Archive | October, 2013

IBA – before addiction sets in…

30 Oct

One of the fundamental points about IBA is that it is an early intervention – a chance for a drinker to change their alcohol use before it becomes a problem. By problem in this sense I mean a dependency or addiction issue. Of course many non-dependent drinkers experience serious alcohol problems, even death, as a result of their drinking (think accidents and injuries as well as liver disease etc.)

A big challenge though is that many people tend to perceive dependency only in its extreme or physical form. Yet the majority of drinkers with some level of alcohol dependence will not have a physical reliance on alcohol, but a psychological one. Broadly, this means they experience a strong psychological desire to drink and difficulty controlling their alcohol use. For most dependent drinkers, that is not because their body needs it (yet), but perhaps because their brains have become overly used to drinking, often to deal with other problems or as a coping mechanism.

Perhaps the easiest way to think about the importance of the psychological aspect of dependence is the high re-lapse rate amongst severely dependent drinkers having undergone detox. Their body has dealt with the physical need to drink, but it is the ‘addicted mind’ that compels them back to drink. Whilst there is great debate over what works for ‘recovery’, one thing can be agreed for sure – achieving it is not easy.

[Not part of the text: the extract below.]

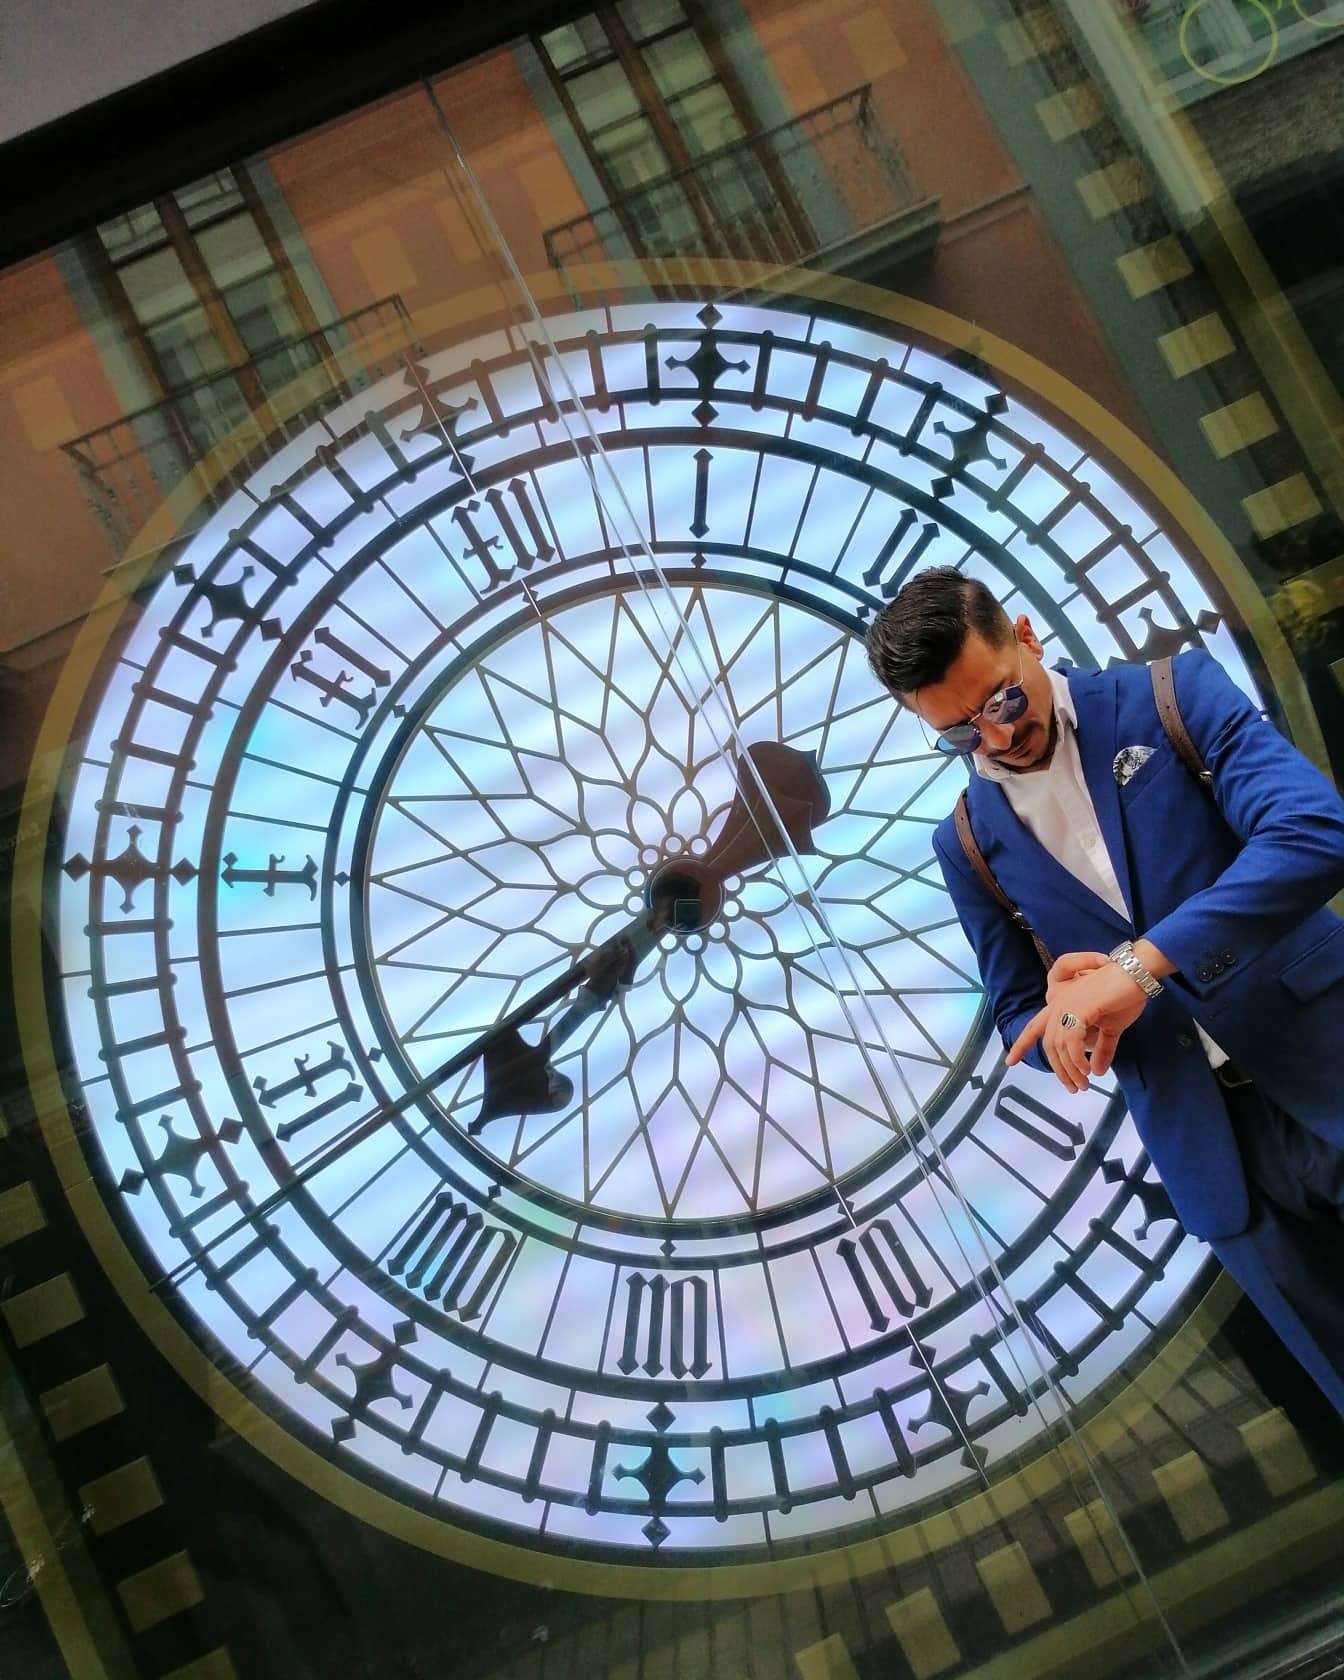 양복을 입은 사업가가 배경에 있는 창문에 큰 시계가 반사되어 손목시계를 보고 있다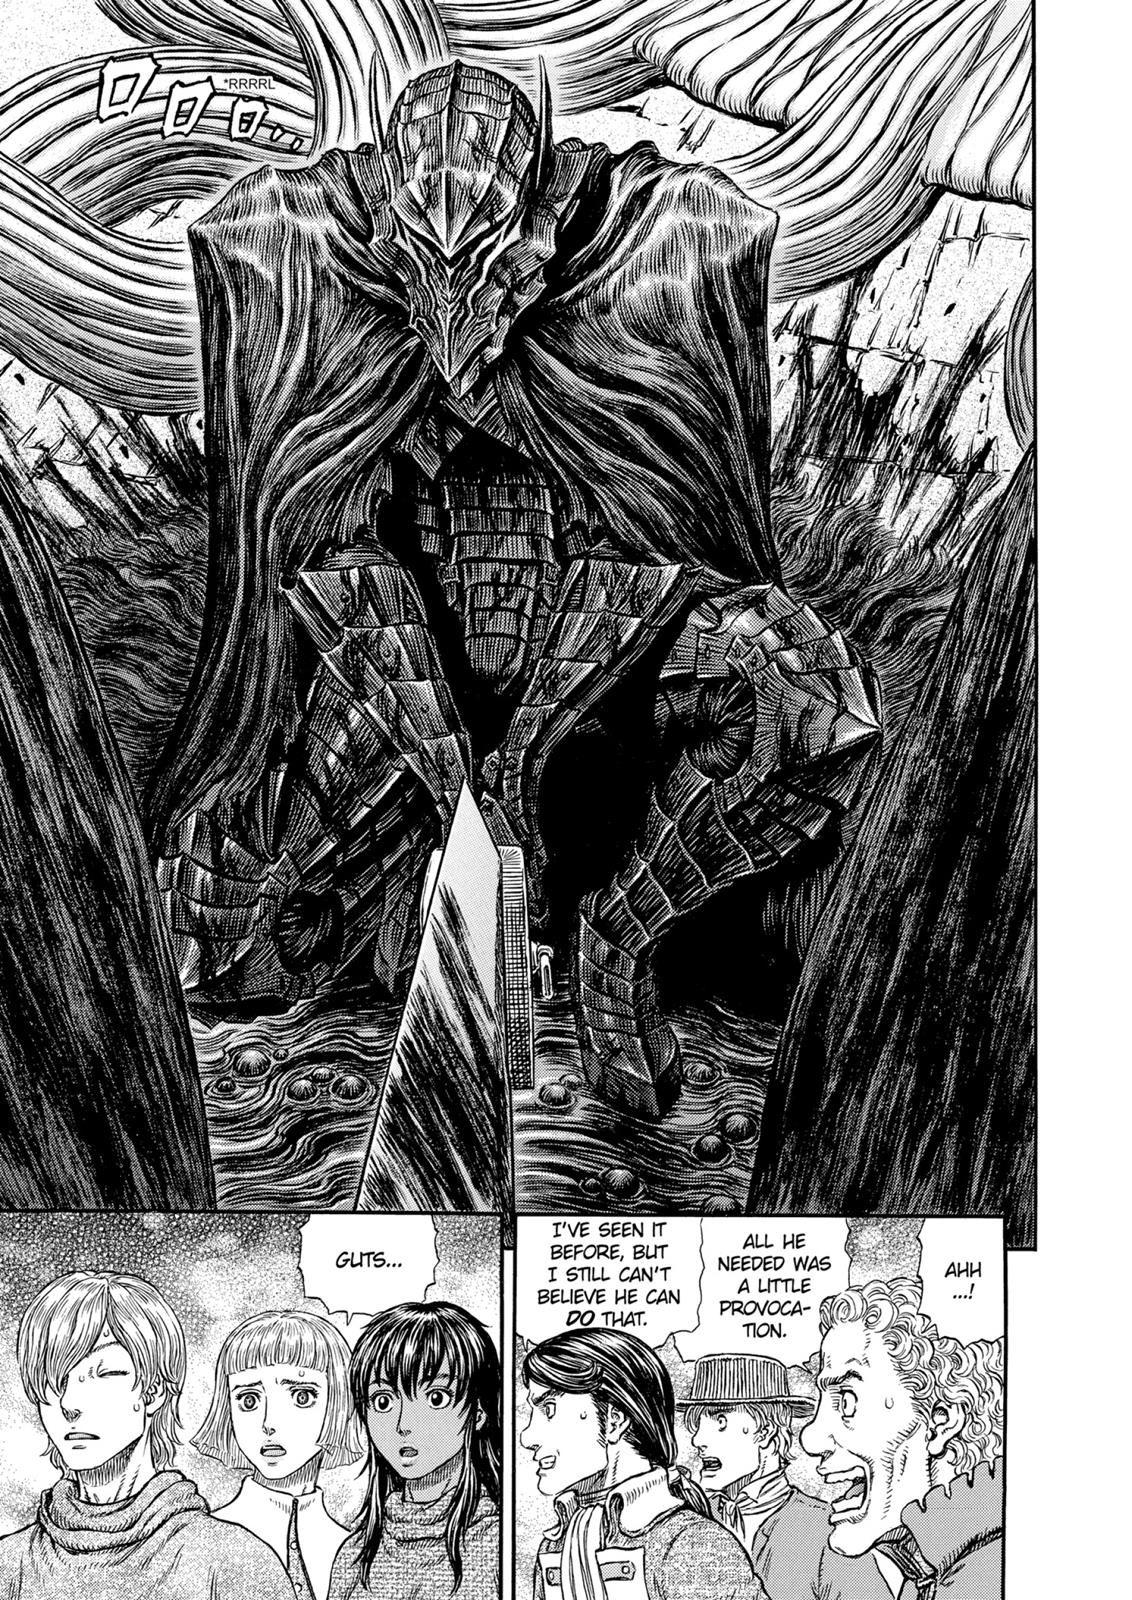 Berserk Manga Chapter 315 image 19

But most alcohol misuse is amongst non-dependent drinkers so their drinking is still well within their control. They can therefore very often change their drinking without great difficulty should they choose to. They may be confronted with peer pressure, or need to find some other ways of enjoyment, but these challenges are small compared to overcoming dependency. IBA empowers risky drinkers to recognise the value of cutting down their drinking – while it still well within their control.